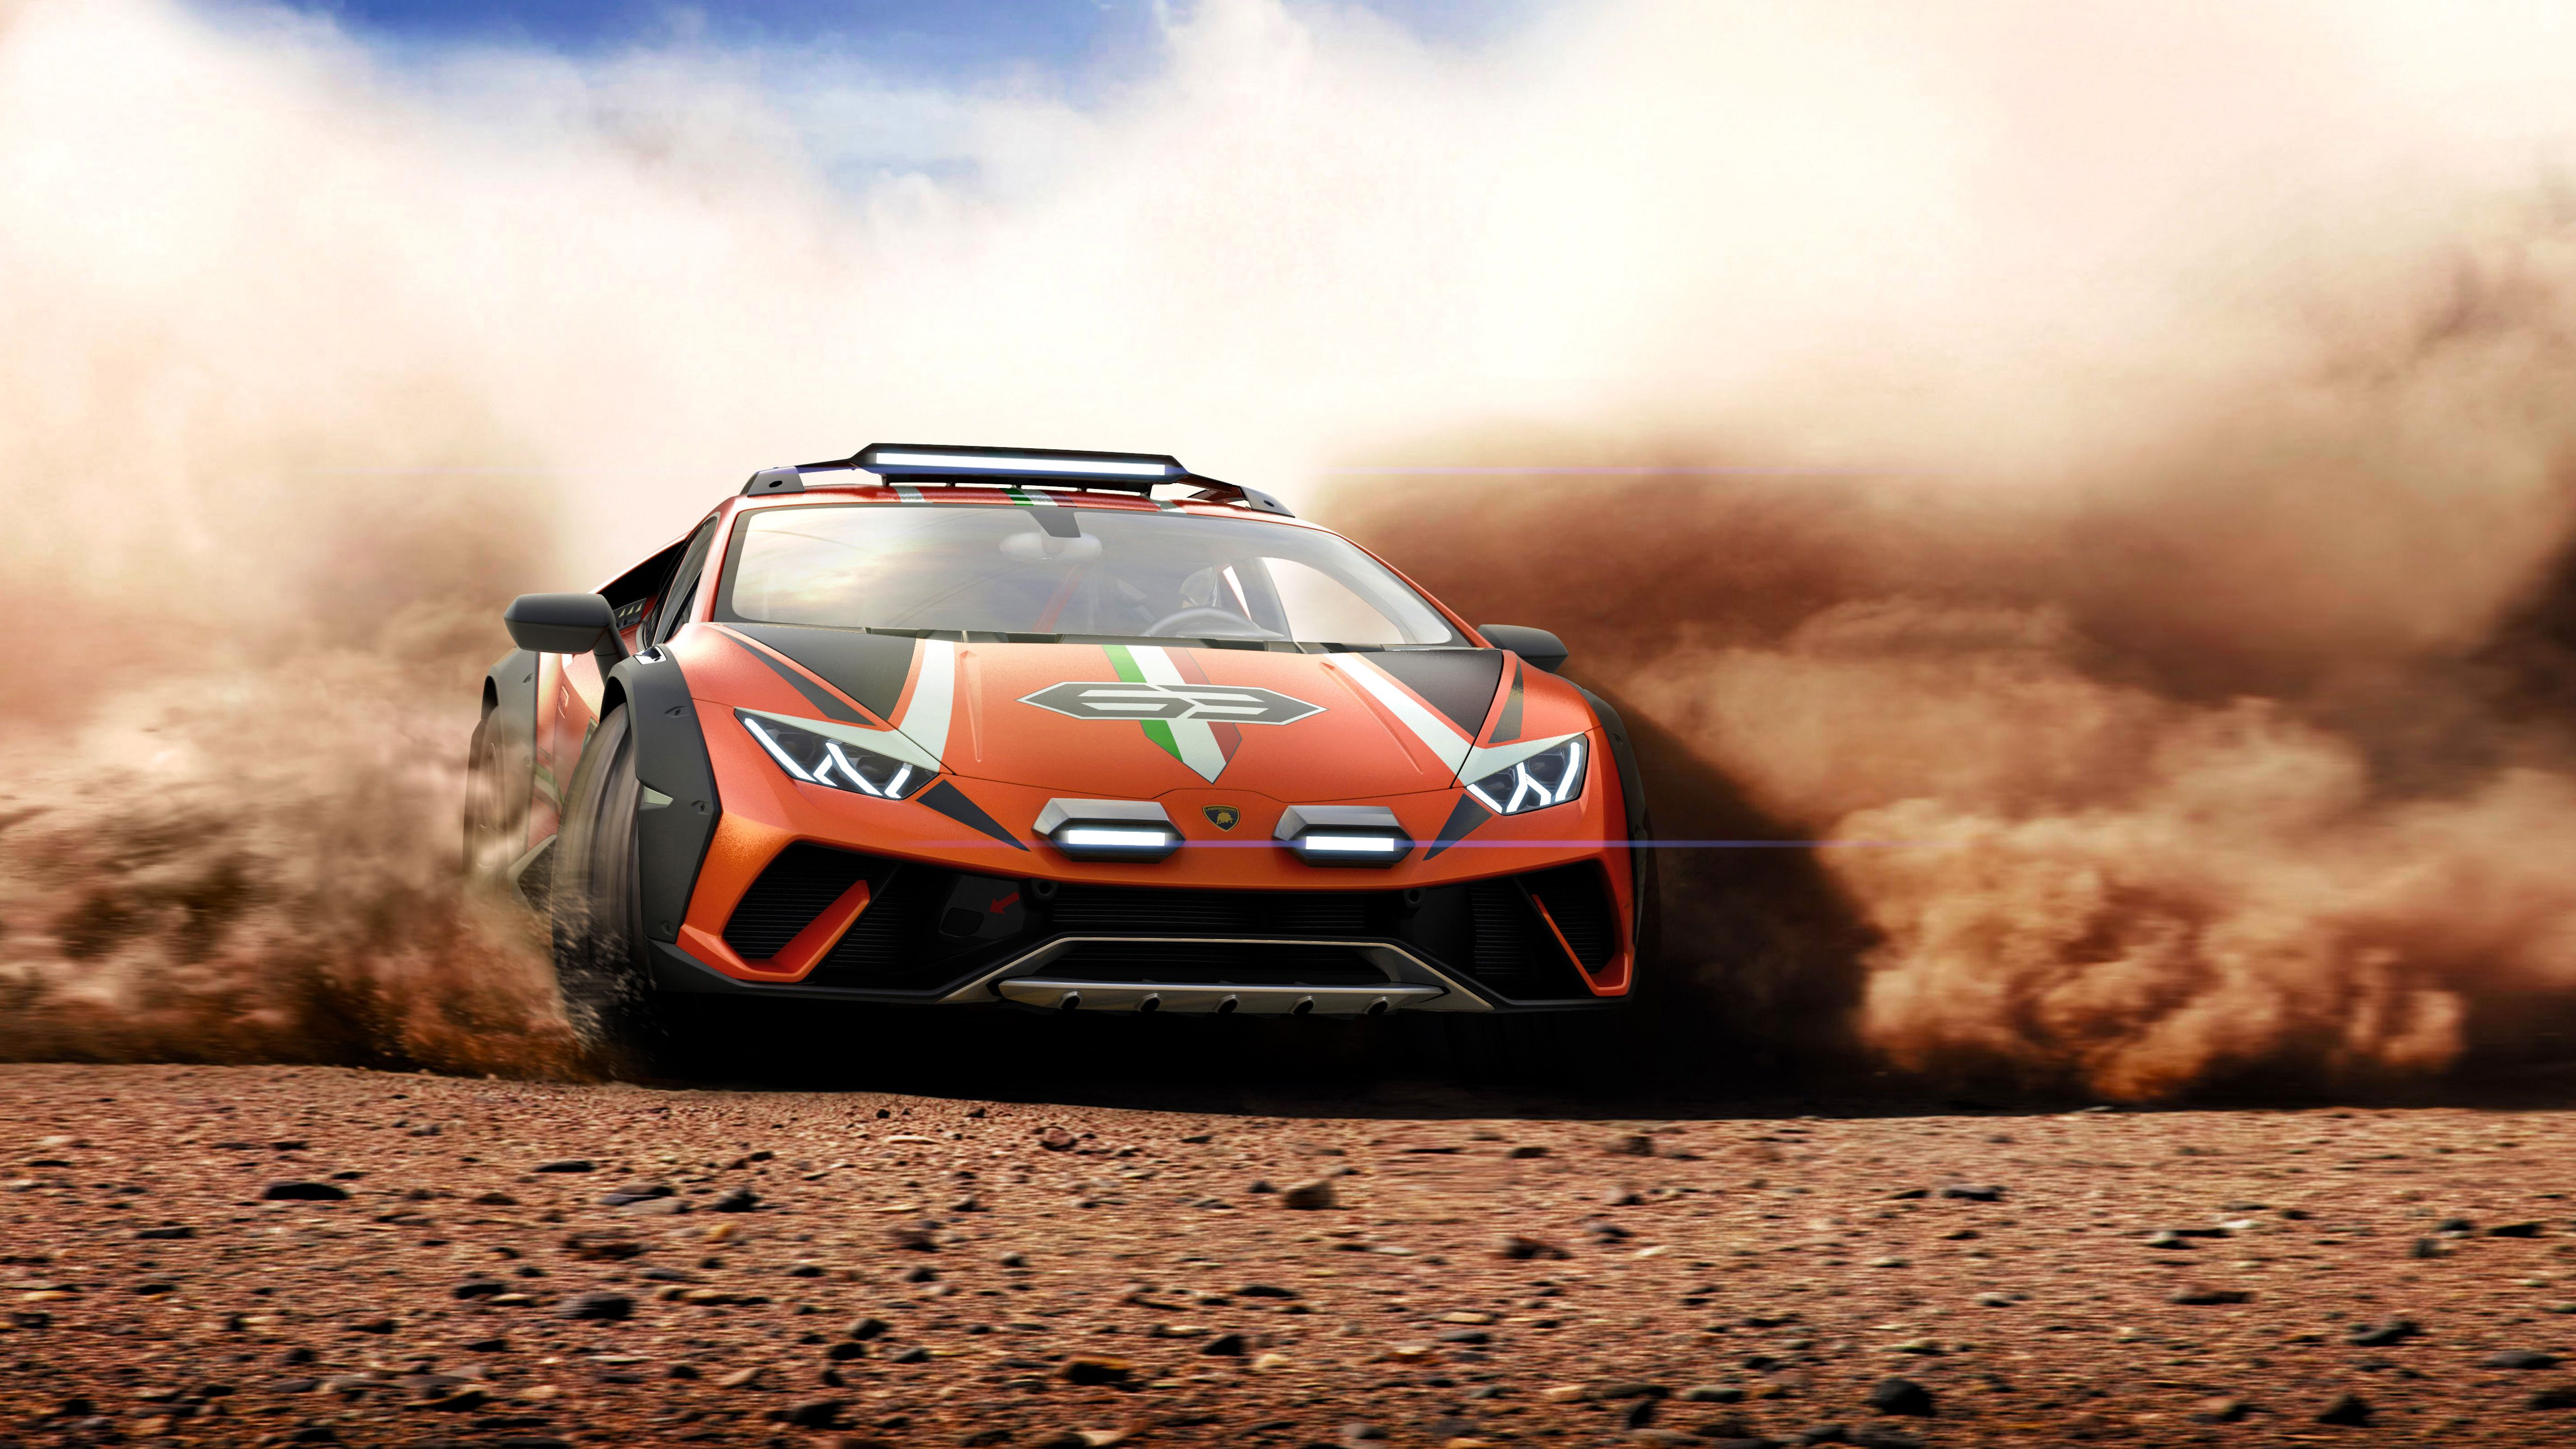 Lamborghini Huracán Sterrato – Crazy Off-Road Supercar Concept
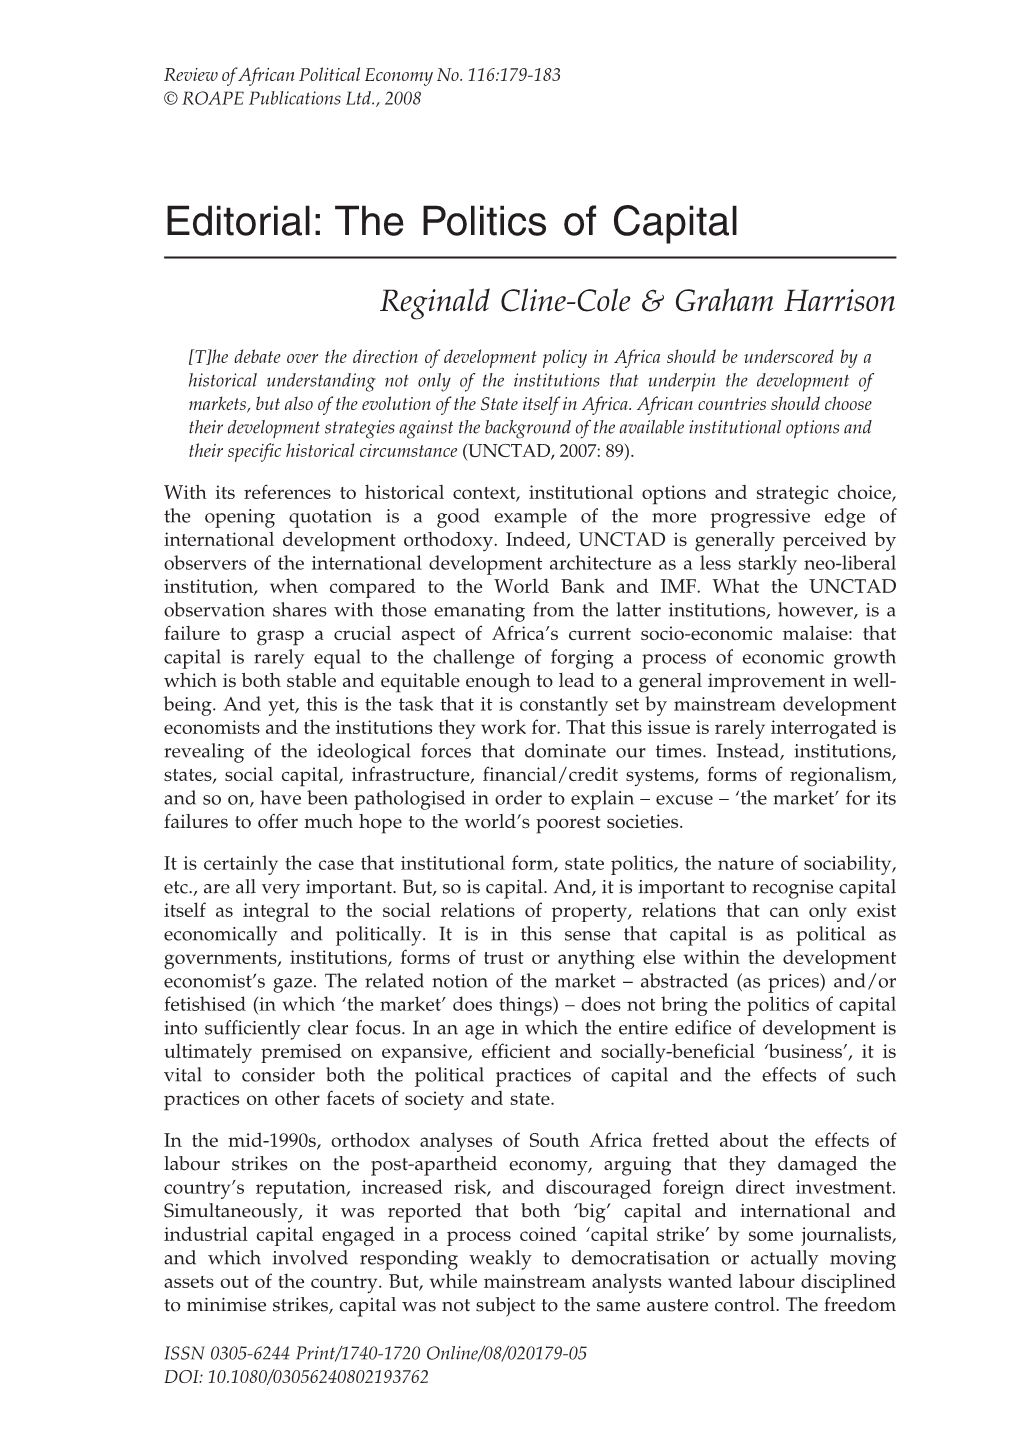 Editorial: the Politics of Capital
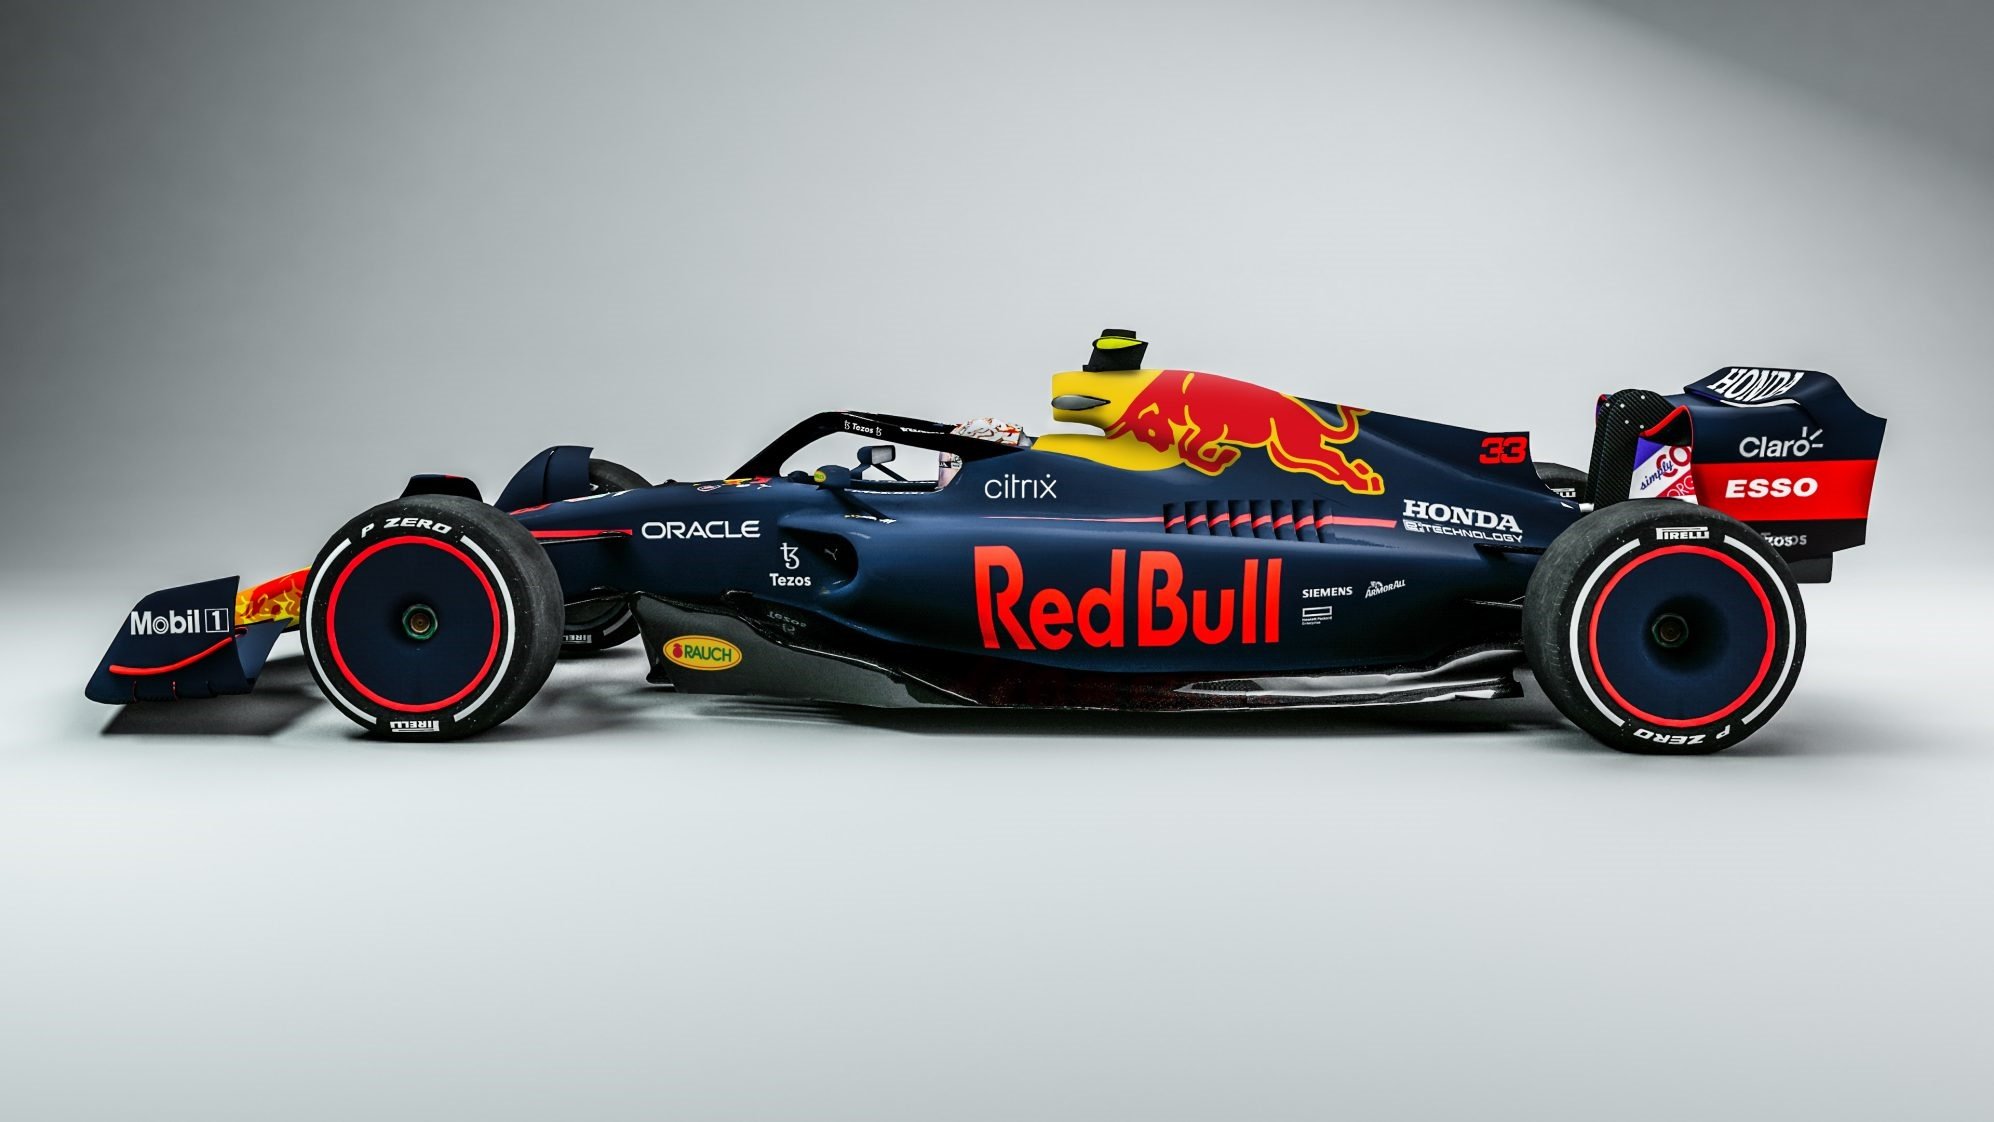 Red Bull Racing 2022 Formula One World Championship, Red Bull Racing, Race Car, F1 2022 Gallery HD Wallpaper
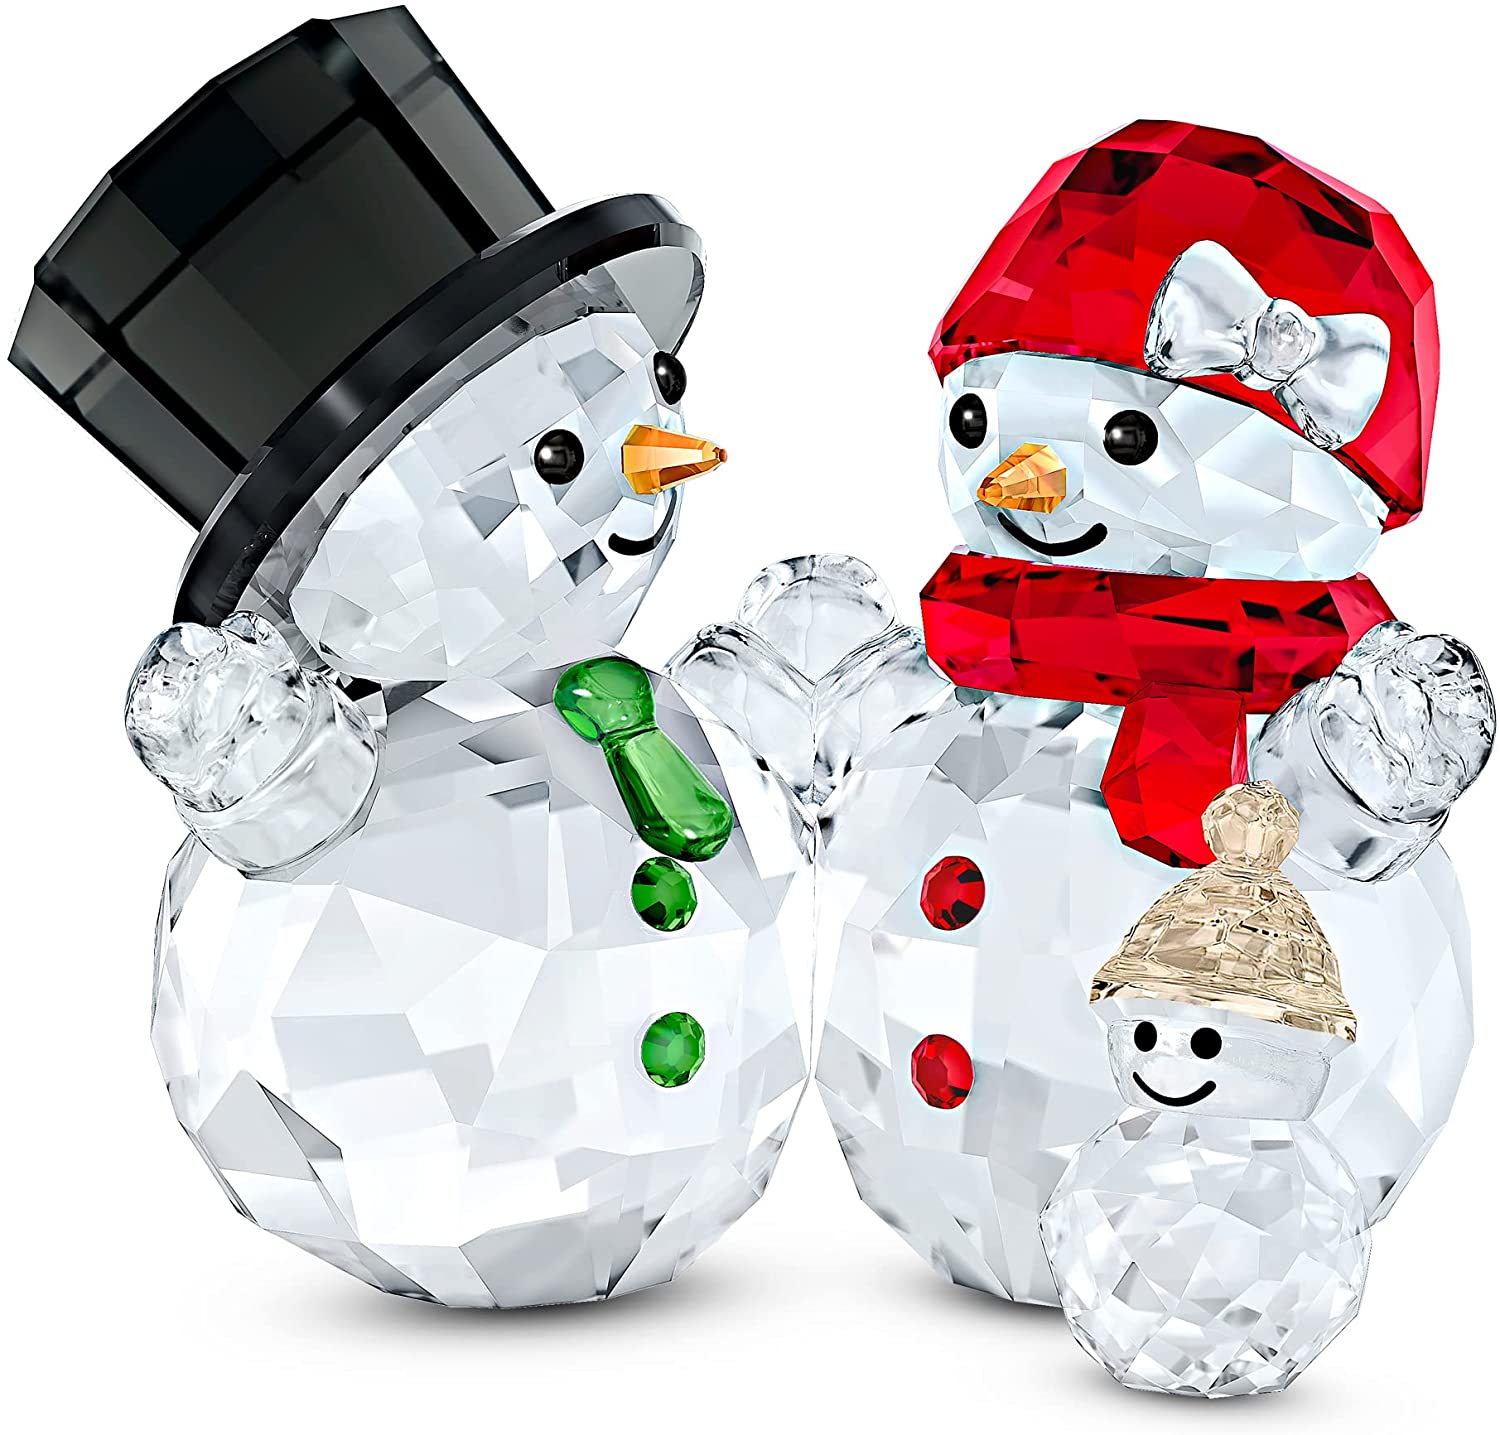 Swarovski Snowman Family Christmas Decoration with Radiant Swarovski Crystals

══════

◆ **EXERCISE DIRECTIONS**
Leave the images out and transcribe the rest of the material exactly.

◆ **SOLUTION TO THIS EXERCISE**
 Lamborghini Huracán Sterrato – Crazy Off-Road Supercar Concept
 Editorial: the Politics of Capital
 Red Bull Racing 2022 Formula One World Championship, Red Bull Racing, Race Car, F1 2022 Gallery HD Wallpaper
 Swarovski Snowman Family Christmas Decoration with Radiant Swarovski Crystals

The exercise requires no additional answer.